Everyone has their own idea about what makes the perfect chocolate chip cookie. Mine is that it should be thick and super chocolatey with crispy edges and a gooey middle. Oh, and large. They should definitely be large. These cookies check all of those boxes.
One thing about most chocolate chip cookies that bugs me is that I really only want to eat them while they’re still warm from the oven. Once they are even a few hours old I find them to be dry and unappetizing. These are not like that. I mean, they are certainly better while they are still warm and gooey, but they are still amazing the next day.
Of course, if you only like freshly baked cookies, you can always do what I do. I scoop all of the dough onto a wax paper lined baking sheet, cover it and stick it in the fridge, then I only bake a few cookies at a time.
One of the reasons these cookies are so delicious is that the recipe calls for browning the butter. It really takes the flavor to another level. I also use a combination of regular and miniature chocolate chips, and plenty of them, to make sure you get loads of chocolate in every bite.

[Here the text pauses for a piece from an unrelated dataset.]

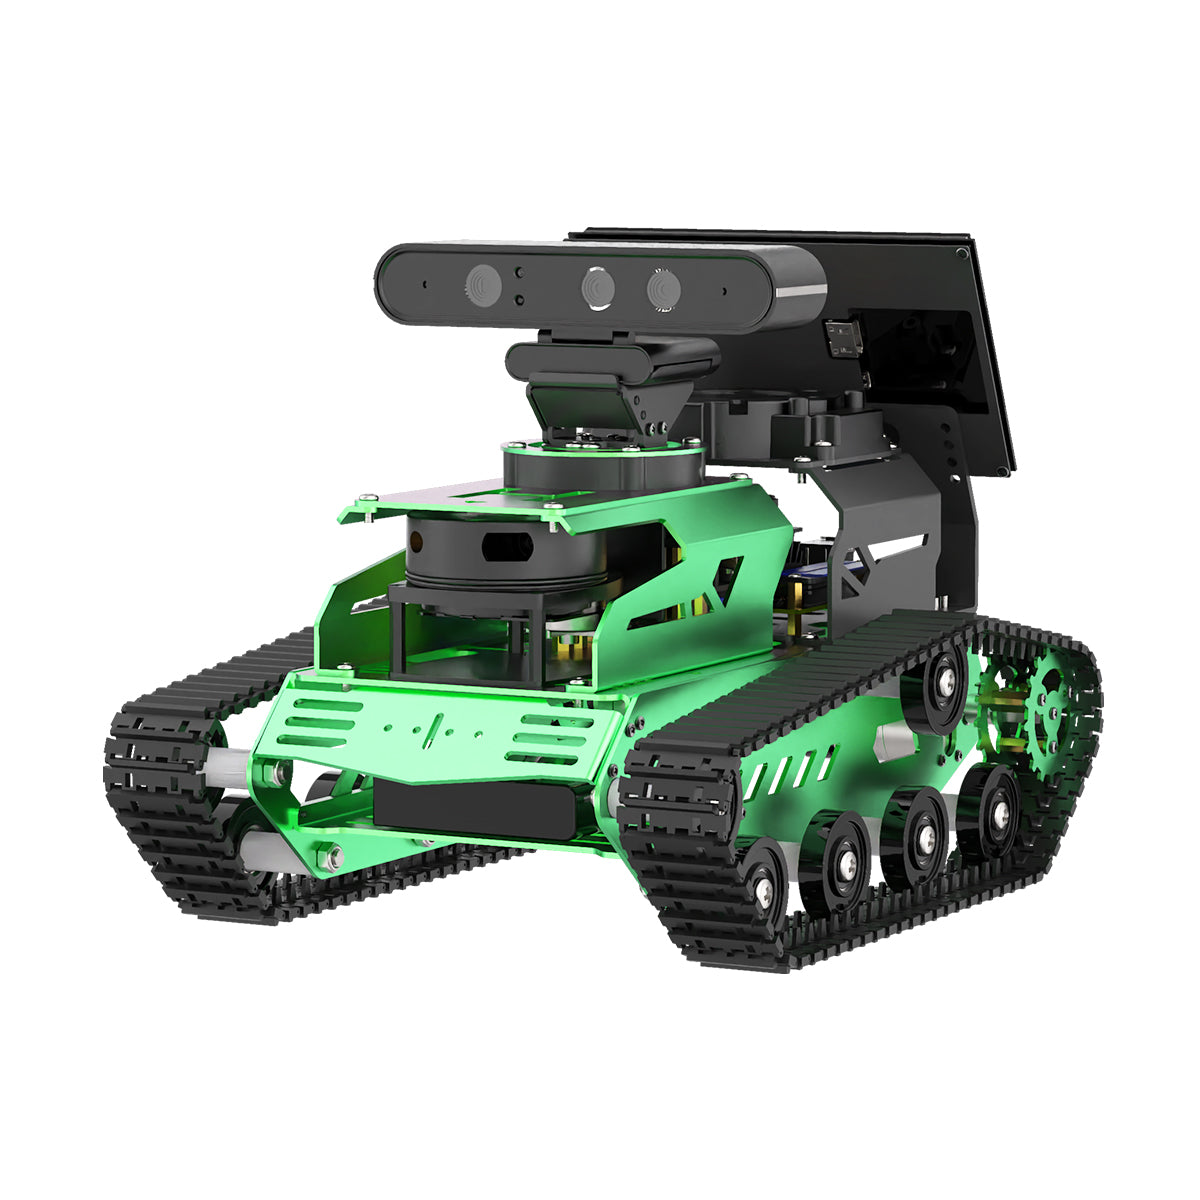 Hiwonder JetTank ROS Robot Tank Powered by Jetson Nano with Lidar Dept

Perfect Chocolate Chip Cookies
- 1 cup unsalted butter
- 1 cup brown sugar
- 1/2 cup sugar
- 2 eggs plus 1 egg yolk
- 2 tsp vanilla extract
- 2 1/4 cups flour
- 1/2 cup old fashioned oats (ground in food processor)
- 1 tsp salt
- 1 tsp baking soda
- 2 cups semisweet chocolate chips
- 1/2 cup miniature chocolate chips
- Step 1 Brown the butter: In a large saucepan, bring the butter to a boil over medium-high heat. Once it’s boiling, stir constantly until it starts to form small brown bits. Remove from heat and set aside to cool to room temperature.
- Step 2 Make dough: In a small bowl, combine flour, oats, salt, and baking soda. Set aside.
- Step 3 Place the cooled butter and both sugars in a mixing bowl and beat until combined.
- Step 4 Add the eggs, yolk, and vanilla and beat until thick and creamy.
- Step 5 Stir in the dry ingredients, followed by the chocolate chips.
- Step 6 Portion out the dough using a large cookie scoop (mine is 3 Tbsp). Refrigerate for at least an hour or overnight.
- Step 7 Bake: Preheat the oven to 350 degrees.
- Step 8 Bake on parchment lined cookie sheets for about 14 minutes.
- Step 9 Cool the cookies on wire racks and store in an airtight container.